Even Doubao has learned from Qianwen in the past six months. On the one hand, it connects its own e - commerce, payment, and other service capabilities. On the other hand, it also connects the services of third - party platforms. For example, today, the Doubao APP has launched a gray - scale test of one - click car - hailing in Beijing and Hangzhou. Caocao Chuxing is responsible for providing the car - hailing service. Users directly state their travel needs in the chat box, and the system automatically recognizes the location, number of people, and preferences, matches the route and price, and then confirms and places the order with one click.

Image source: Weibo

Therefore, it can be predicted that the second - generation Doubao AI phone may retain the GUI Agent, because a large number of long - tail apps cannot access the standard protocol immediately. However, when facing some high - risk services and powerful platforms, more protocol - based and authorized connections are needed.

If it can use A2A or a similar mechanism for invocation, it should not forcefully simulate clicks. For operations that must be simulated, there should also be clearer permission prompts, operation playback, key - step confirmation, and risk interception. This will make the second - generation Doubao phone seem less "wild" than the first - generation, but it is also closer to a phone that can really be sold to ordinary people.

A Mature AI Phone Should Be More "Restrained"

In the past two years, the mobile phone industry has talked a lot about AI. Many functions sound exciting, but they have actually brought little change to users. Therefore, the Doubao phone has strongly stimulated the mobile phone industry and accelerated the competition of AI phones into the deep water area of application ecosystems and operation permissions:

Mobile phone manufacturers are busy redefining the system assistant, Internet platforms are busy redefining the open boundaries, chip manufacturers need to continue to provide more powerful computing power and energy efficiency for edge - side agents, and developers also need to consider how their apps can be called, understood, and distributed by AI.

So, will the second - generation Doubao AI phone develop like this? We still can't be sure.

However, a truly mature AI phone should be more restrained in the interaction between humans and agents and between agents and devices: In most scenarios, it should allow users to operate less, but in key scenarios, users must clearly see what the AI is doing. It can help users fill out forms, compare prices, organize itineraries, edit photos, summarize documents, and initiate communication. However, when it comes to sensitive operations such as payment, sending messages, account login, and finance, there should be clear confirmation and traceable records.

On the other hand, as stated in a previous article by Lei Technology, an AI phone cannot regard the GUI Agent as the only answer, nor should it completely abandon the general - purpose advantages of the GUI Agent. After all, when facing many long - tail apps, developers cannot afford to adapt to Agent interaction immediately due to energy and cost considerations.

At the same time, an AI phone cannot only rely on the cloud model.

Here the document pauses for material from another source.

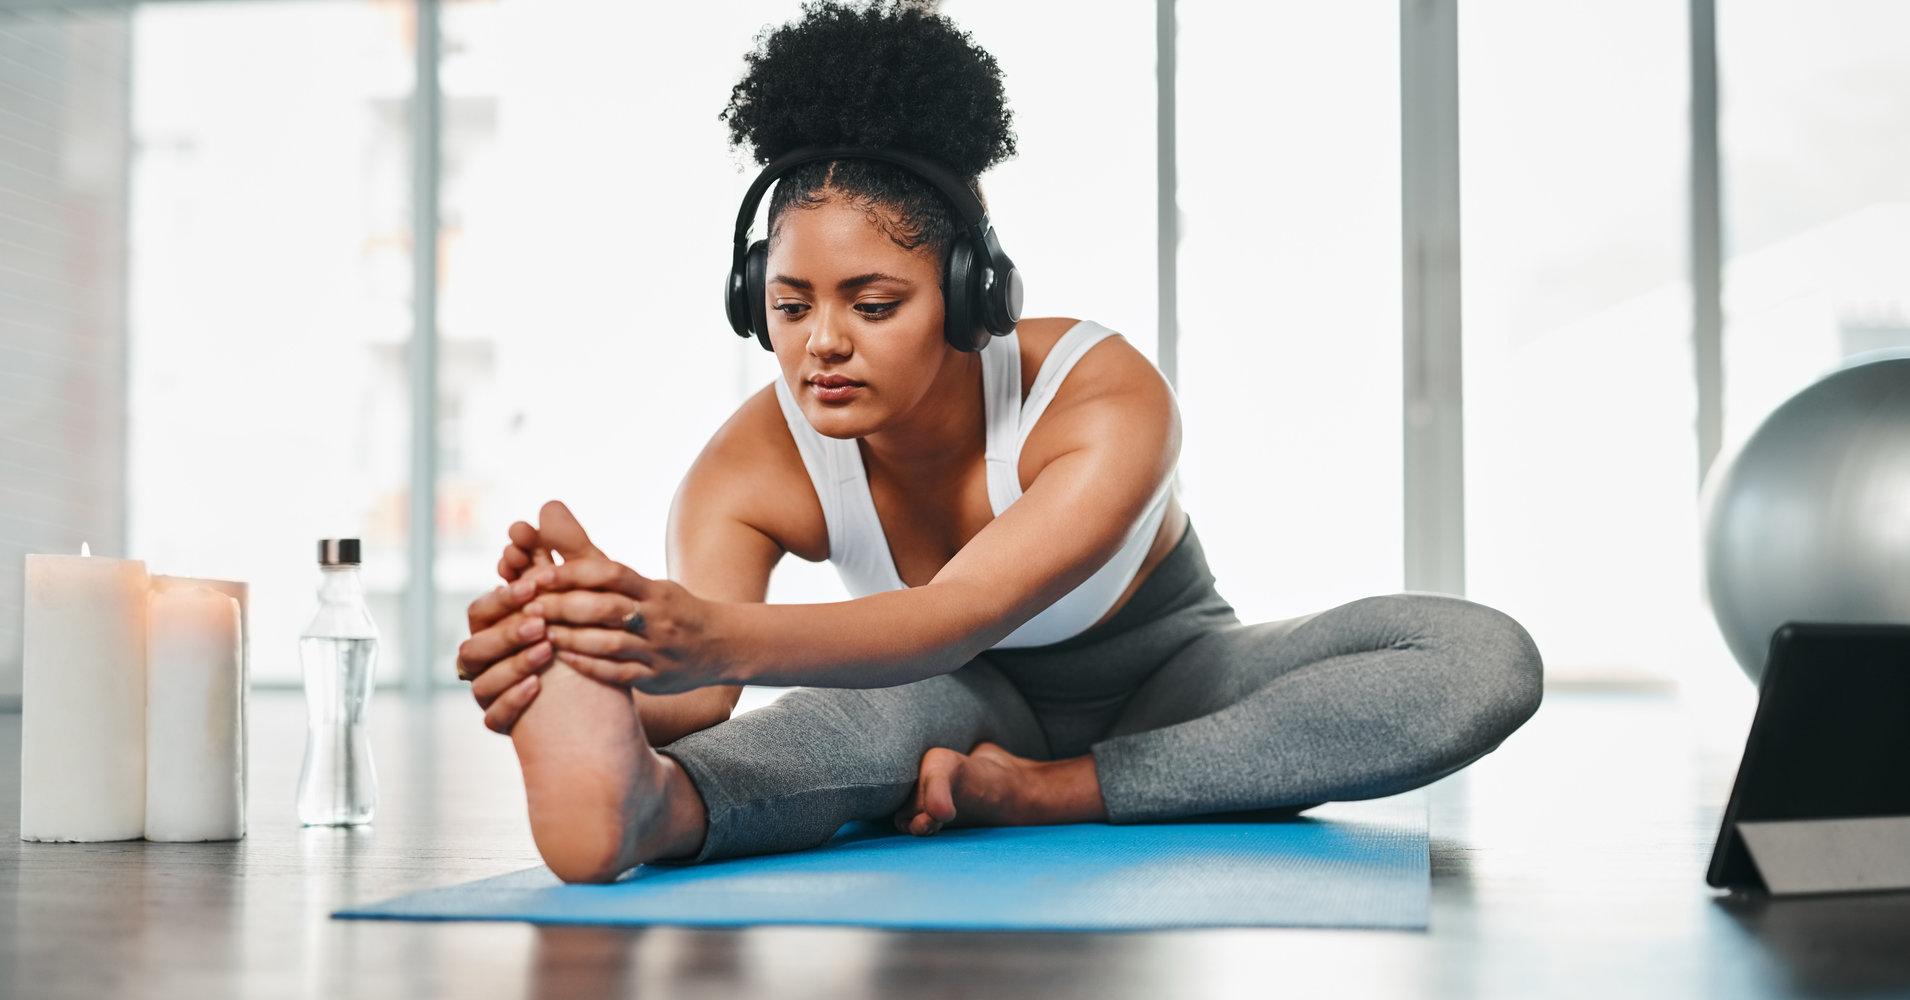 7 Dope Black, Female Fitness Gurus To Follow On YouTube - 21Ninety

The improvement of edge - side AI capabilities is also imperative. A series of capabilities of edge - side AI, such as low latency, less interference, the ability to remember preferences, and the ability to understand context, can ensure the daily experience.

If the second - generation Doubao AI phone can achieve all these, its significance will not only belong to Doubao and Nubia.

This article is from "Lei Technology" and is published by 36Kr with authorization.